Monday, June 04, 2007

A Conservative Dresser with Radical Effects

Raleigh, NC - "This dresser has moxie. Actually, I'll tell you, I don't think I'm going out on a limb when I suggest that moxie itself may be made out of the same material as this dresser." Such is the uttering of the latest Rotter uber star, Tobin "Less Finesse, More Collision" Smith, about his newly purchased dresser. "People don't realize the power of a piece of furniture like this," commented Matt "Tan on One Arm" Manning, who helped Smith pick it up the other day. "Not only does it really tie a room together, it seems to unite all the room with a spirit of virility I've not heretofore witnessed. And I should know a thing or two about virility, why just yesterday I tore this sleeve clean off my shirt in one attempt. I mean, sure, it had a starter tear and all, but, still, lesser men would have had to try twice, maybe three times, and even then, would the tear be THIS clean?! That is rhetorical, but I'll answer you anyway - no, it would not." It was unsure whom exactly Manning was trying to convince, as he stood with a rather pleading expression and pointed to his one torn sleeve.

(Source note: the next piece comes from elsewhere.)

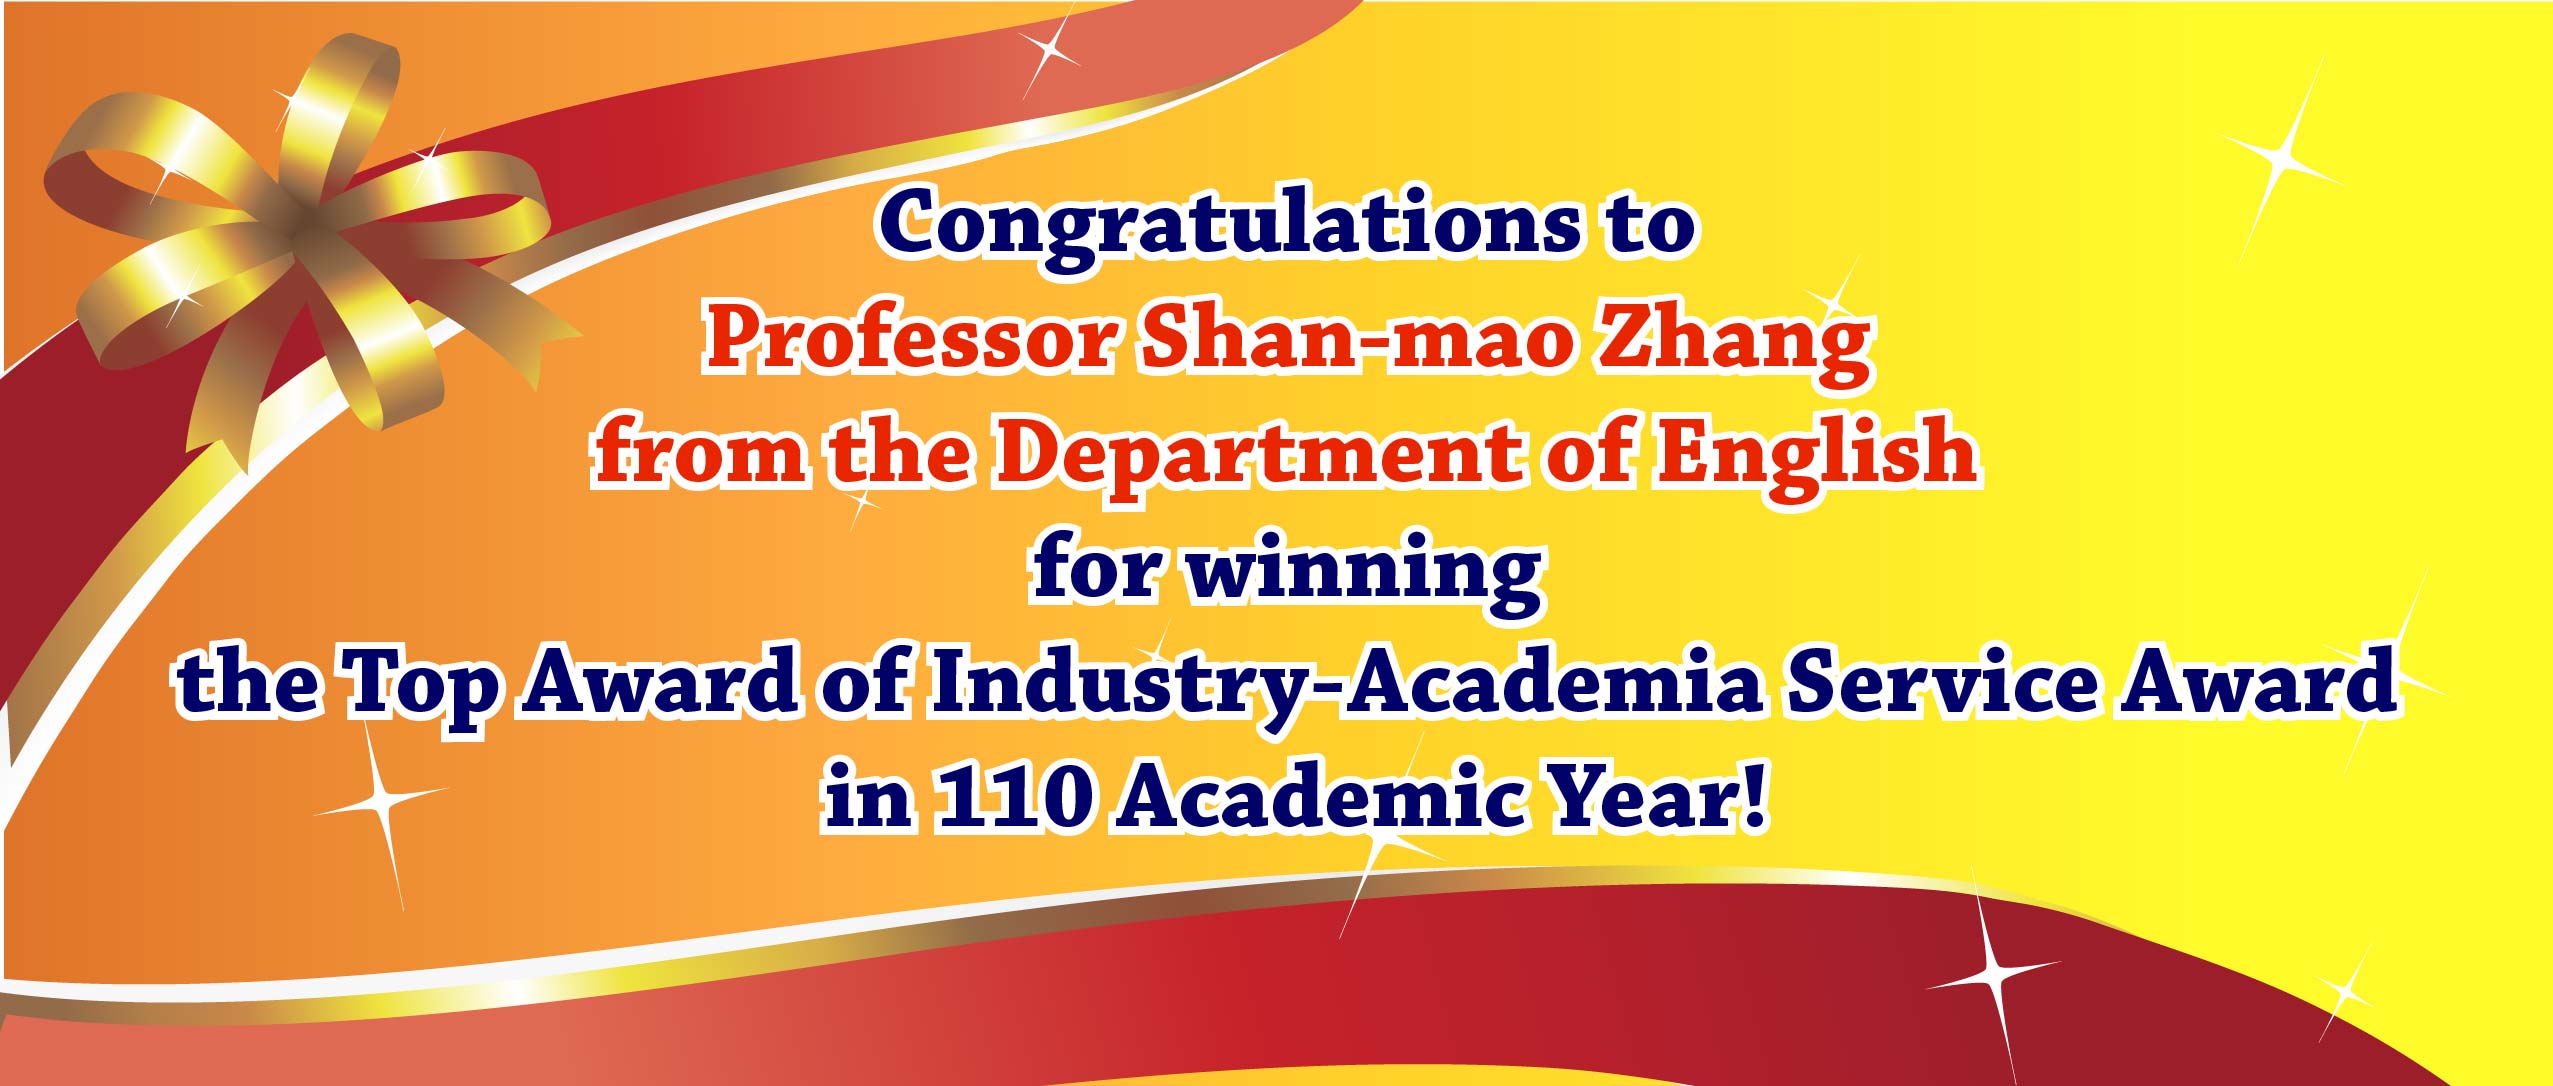 Top Award of Industry-Academia Service Award in 110 Academic Year
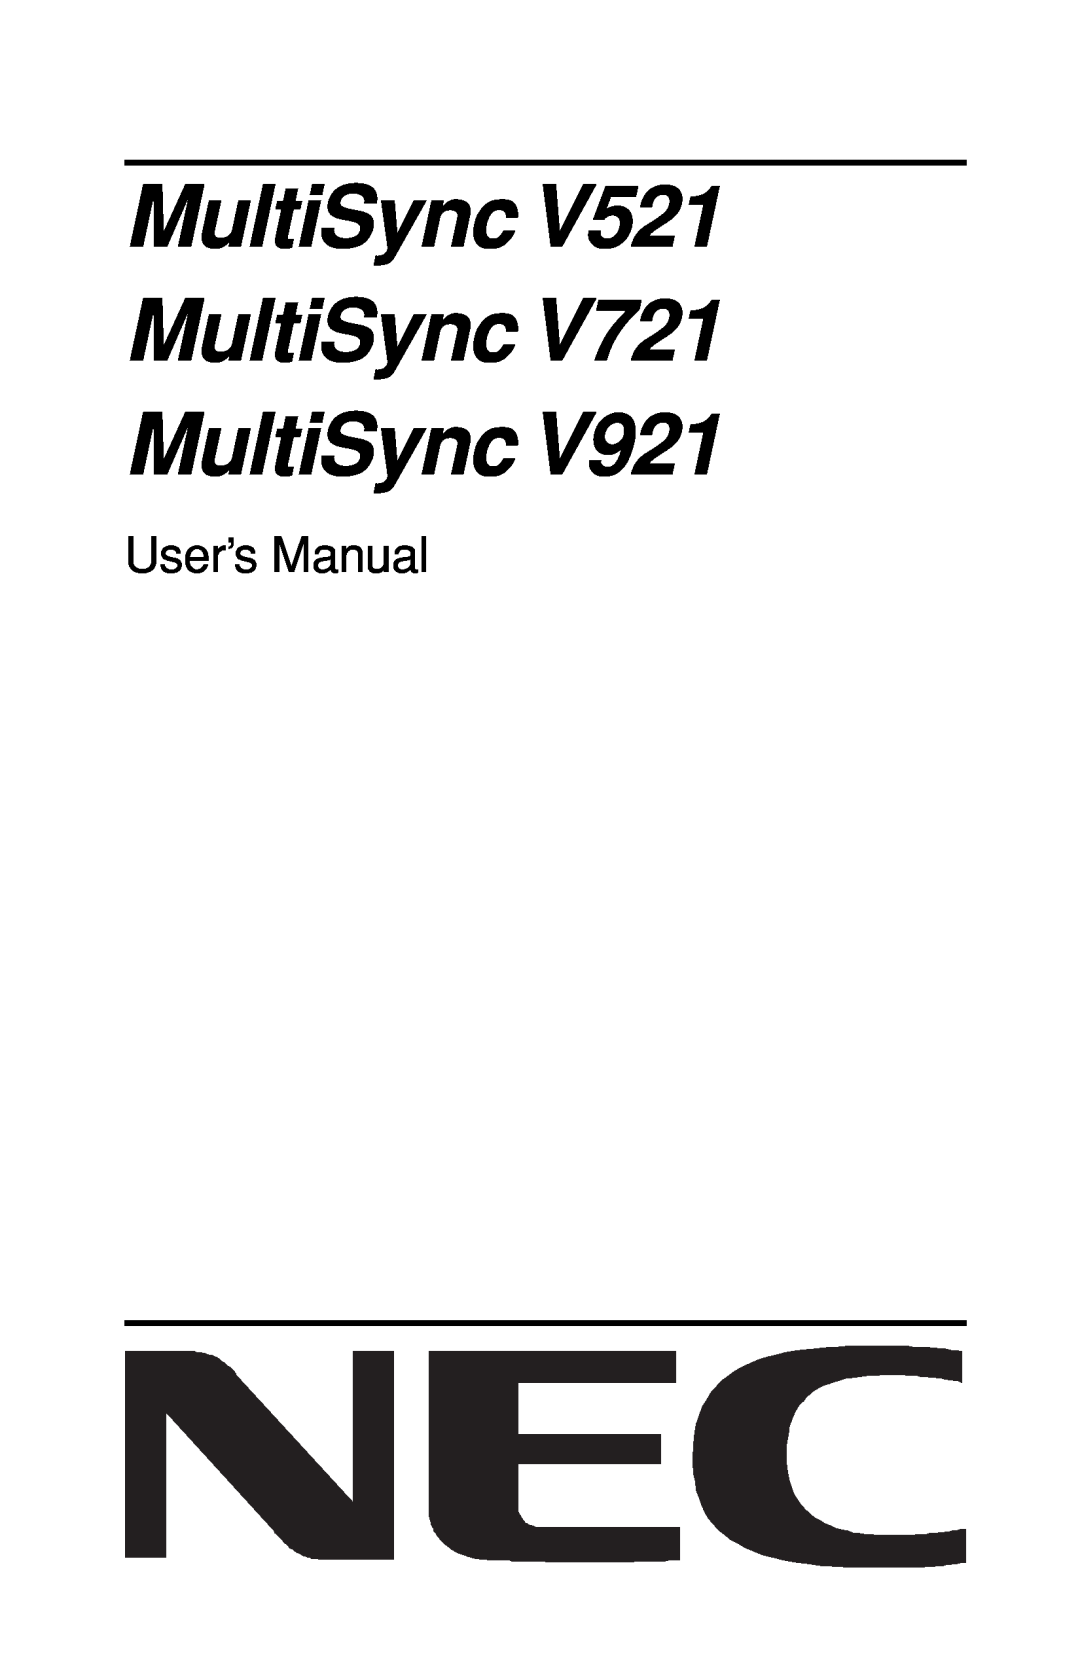 NEC 60000531 user manual MultiSync MultiSync MultiSync, User’s Manual

The dresser is a one-of-kind piece carved in the likeness of Ann Coulter. "I used to be a Nancy boy, bleeding heart, health-care this, let's-find-a-tree-to-hug that until I came across this dresser," explained Smith. "It sounds strange, but this dresser not only filled the vacancy in my room but in my life as well." It may not be so far-fetched, defends team masseuse and spiritual advisor, Aly "Bono Deserves Pampering" Khalifa. "Tobin was always kind of a sissy before now. I mean, he never used actual cuss words, instead he used softened phrases, like Mother Hubbard and dog gone, you, bumface. Once, I even saw him apologize to a soccer ball because he thought he might have kicked it too hard. But now, wow, his cussing has really improved. And he's not afraid to plough right into someone, even if he misses the ball completely. In fact, I'd say everything but his actual soccer game has really come quite a long way."

All this growth does not come without concern. Increasingly, Smith has been seen around town with the dresser in tow. We caught up with him at the Sheetz on New Bern Ave. where he and the Coulter dresser were waiting for their MTOs. "People make fun of what they don't understand," dismissed Smith as he flashed a knowing smile to the dresser and pulled it closer. "We have a special relationship, and if people want to be bitches and not get it, hell with 'em. They can go eat sprout sandwiches and kiss Michael Moore's ass. Ann [Smith calls the dresser by her first name] has really opened my eyes. My Casper Milquetoast days are over."

What does all this have to do with Rotter soccer? "Very little," replied the Coulter dresser. "You got a problem with that?"